The New Yorker has always had a peculiar affinity with cats, perhaps because they have a lot in common — an elegance, an abhorrence of sentimentality and an innate sense of superiority. The Big New Yorker Book of Cats is full of cats and owners, each holding one another at arm’s length and peering through invisible lorgnettes.
Pulitzer prizewinner Susan Sheehan writes about a tabby cat called Pynchon, owned by the proprietor of a Manhattan bookshop. Pynchon, who for unspecified reasons arrived in New York ‘with no front claws’, is fond of listening to classical music on the radio and regularly attends meetings of the James Joyce Society at the shop. However, he seems to have little in common with his namesake, being both unusually gregarious and enormously fat. Indeed at the annual cat show at Madison Square Garden, Pynchon was judged to be so overweight that he was in imminent danger of developing diabetes.
The whole question of what a cat will and won’t eat is explored in greater depth in Thomas Whiteside’s 1976 piece, ‘Din-Din’. Cat-food advertising — gourmet cat-food advertising in particular — turns out to be a very peculiar business. In the mid- 1960s a brand of cat food called 9-Lives was chugging along comfortably if unspectacularly with annual sales of around $15 million. Ten years later, these had soared to $100 million.

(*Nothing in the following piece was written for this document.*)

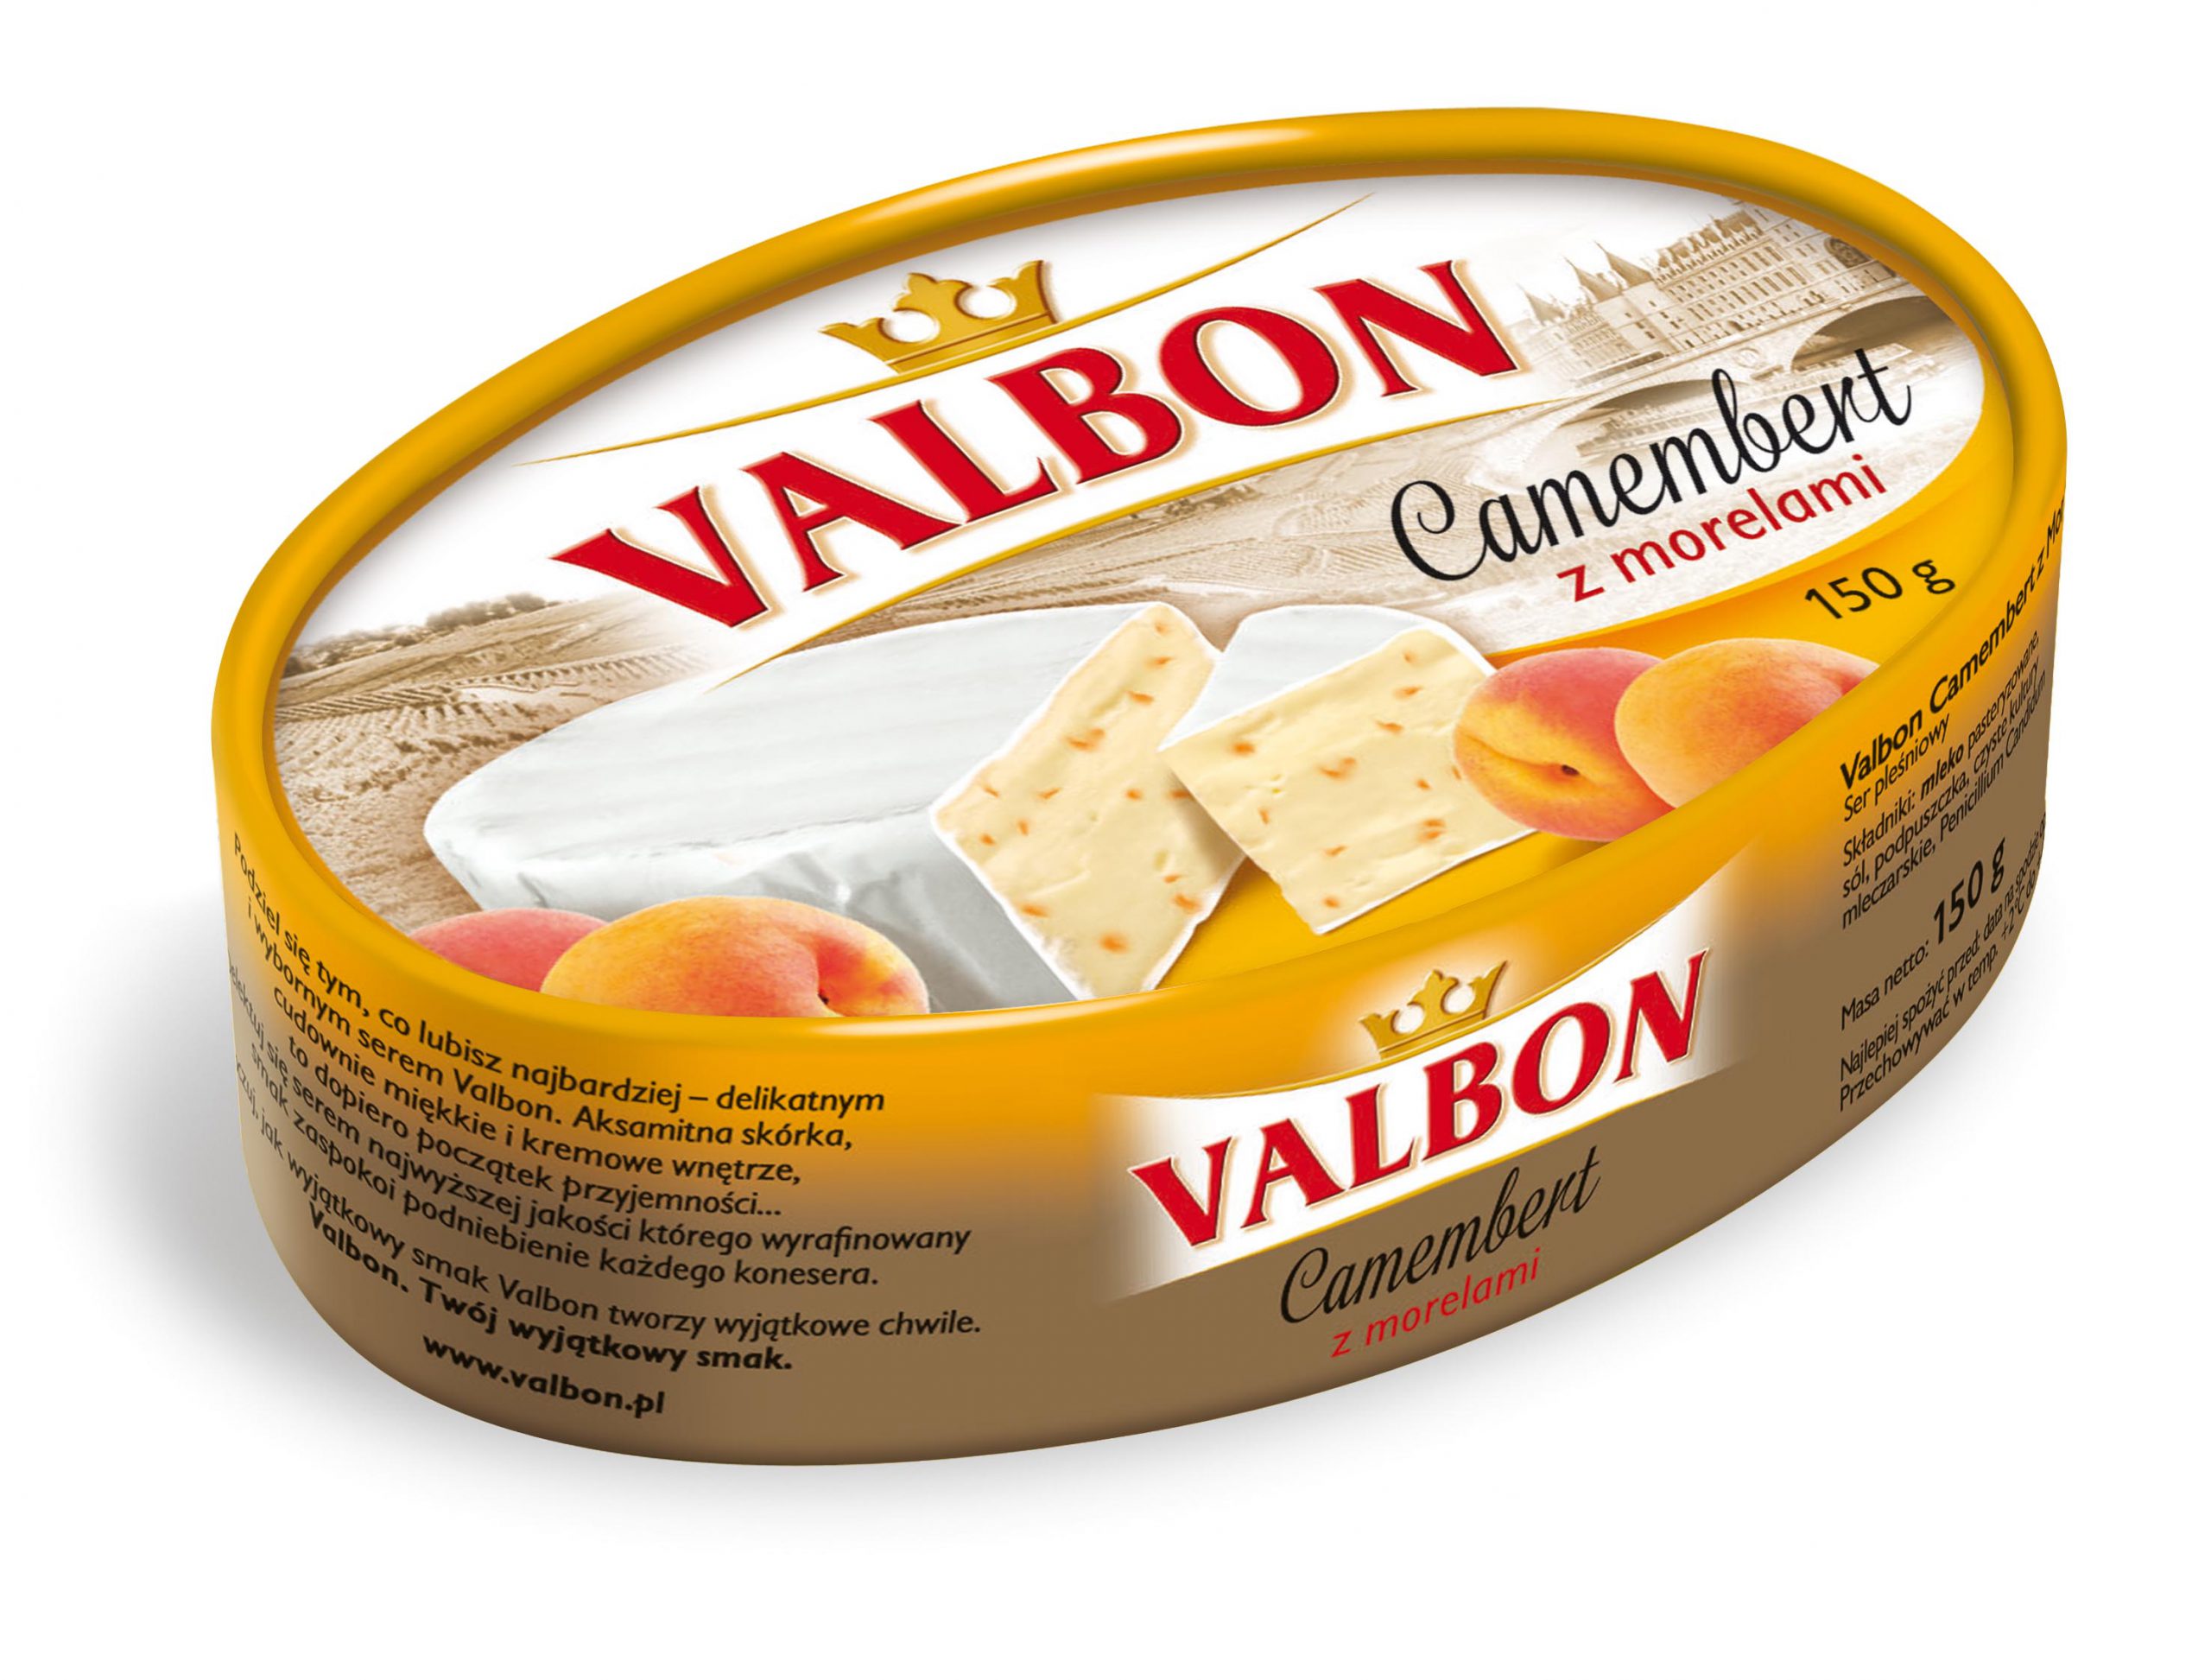 Sery Valbon Camembert z morelami

This was ascribed entirely to a cat called Morris which 9-Lives started using in their adverts. Morris was portrayed as being a tremendously fussy eater, forever turning up his nose at this and that before eagerly sinking his incisors into a plate of 9-Lives.
The thinking behind the ads ran as follows: cats often don’t eat for several days. Although this does them no harm at all, it plunges their owners into a state of deep anxiety.